The DIA did, however, reveal some details about the nature of the task force reports and the documents Snowden leaked that extend beyond government surveillance programs. In a separate declaration, David Leatherwood, the DIA’s director of operations, said the task force reports contain details about:
•Military plans, weapons systems, or operations
•Foreign government information, intelligence activities (including special activities), intelligence sources, or methods or cryptology
•Foreign relations or foreign activities of the United States, including confidential sources
•Scientific, technological, or economic matters relating to national security
•United States government program for safeguarding nuclear materials or facilities
•Vulnerabilities or capabilities of systems, installations, infrastructures, projects, plans, or protection services relations to national security
•The development, production, or use of weapons of mass destruction
“The critical part of the task force’s mandate was to figure out what harm was done to national security by the unlawful disclosure of this information,” Leatherwood said. “To accomplish this goal, the reporting of the task force focuses entirely on identifying the magnitude of the harm. Much of that reporting, for very legitimate reasons, remains classified. The Department of Defense and the United States Intelligence Community must know what damage has been done before certain efforts to prevent future harm can be taken.”
Leatherwood said DIA also classified references to newspaper articles about classified surveillance programs revealed by Snowden.

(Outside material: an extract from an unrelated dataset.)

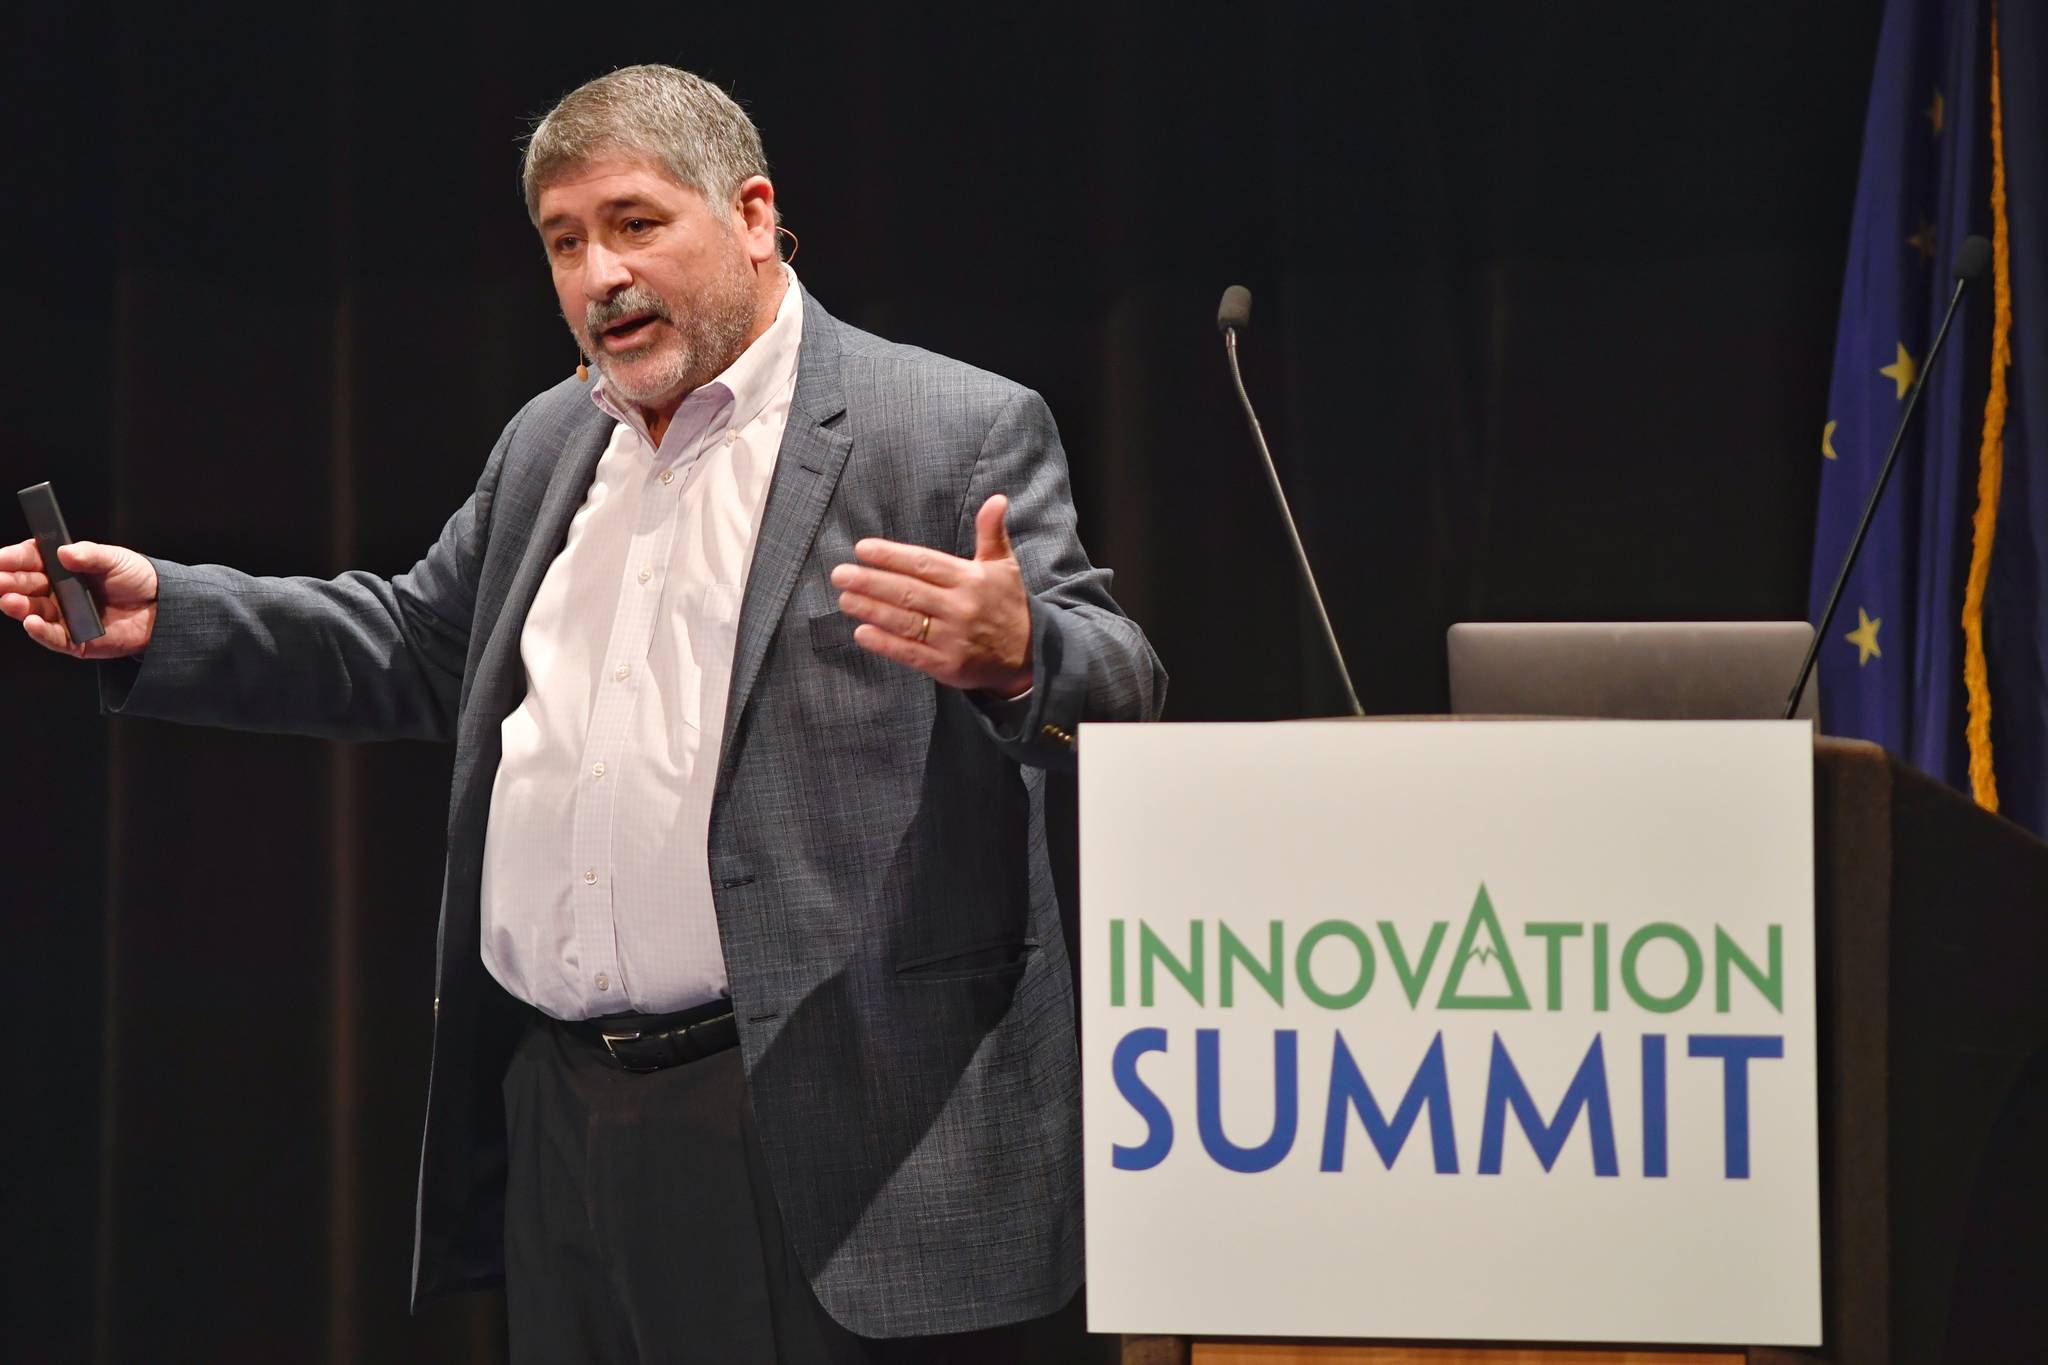 Joel Cutcher-Gershenfield, of the Heller School for Social Policy and Management at Brandeis University, delivers his keynote speech at the Innovation Summit at Centennial Hall on Wednesday, Feb. 20, 2019. (Michael Penn | Juneau Empire)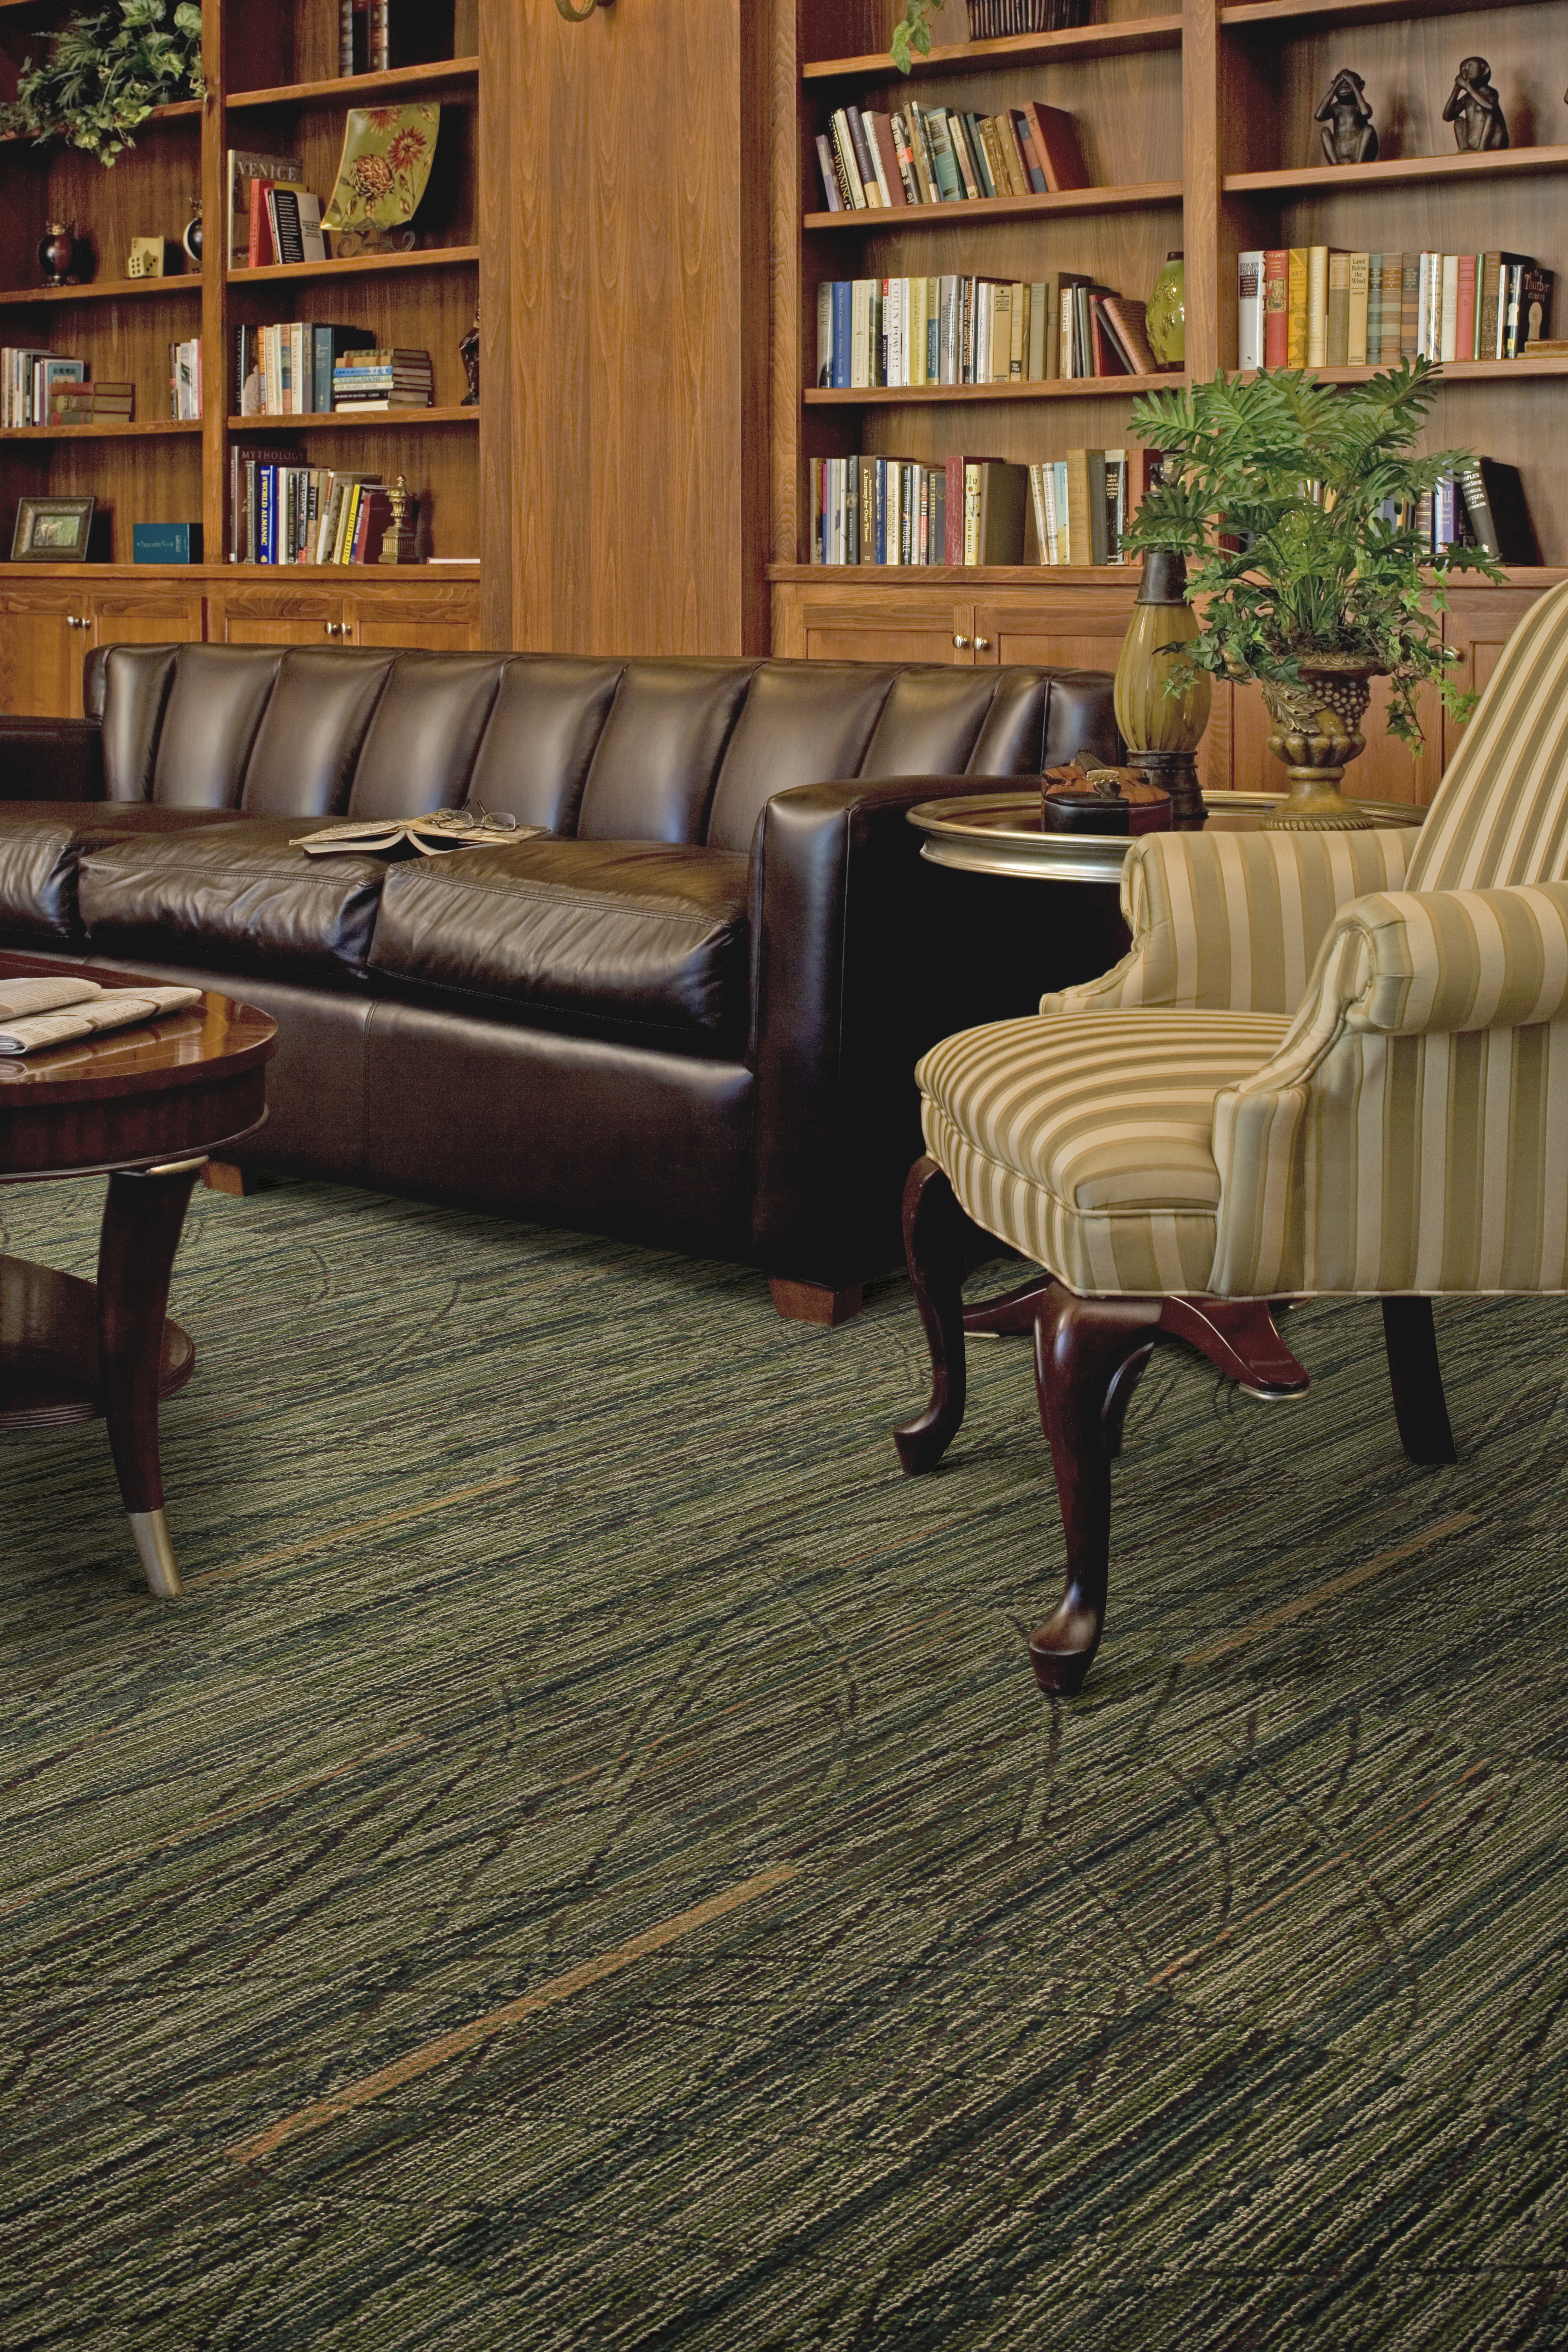 Interface Prairie Grass carpet tile in senior housing seating area with leather sofa and bookshelves

“Confirmation that these specific newspaper articles contain classified information through the release of these references under the FOIA would cause harm to national security by offering validation that the stolen information is classified,” he said.
The government, in a 35-page motion asking a judge to dismiss the FOIA case, provides a breakdown of exactly how many task force documents relate to categories identified by Leatherwood. He said the task force reports are essentially guidelines that DOD and “affected agencies” use “to determine the level of harm caused and the order in which the various potential harms should be prioritized.”
On Monday, Snowden participated in a Reddit “Ask Me Anything” chat with the recipients of his leaks — journalists Glenn Greenwald and Laura Poitras (the evening before, she won an Academy Award for her documentary on Snowden). During the AMA, Snowden said that if he could have done anything differently, he would have “come forward sooner.”
“Had I come forward a little sooner, these programs would have been a little less entrenched, and those abusing them would have felt a little less familiar with and accustomed to the exercise of those powers,” he said.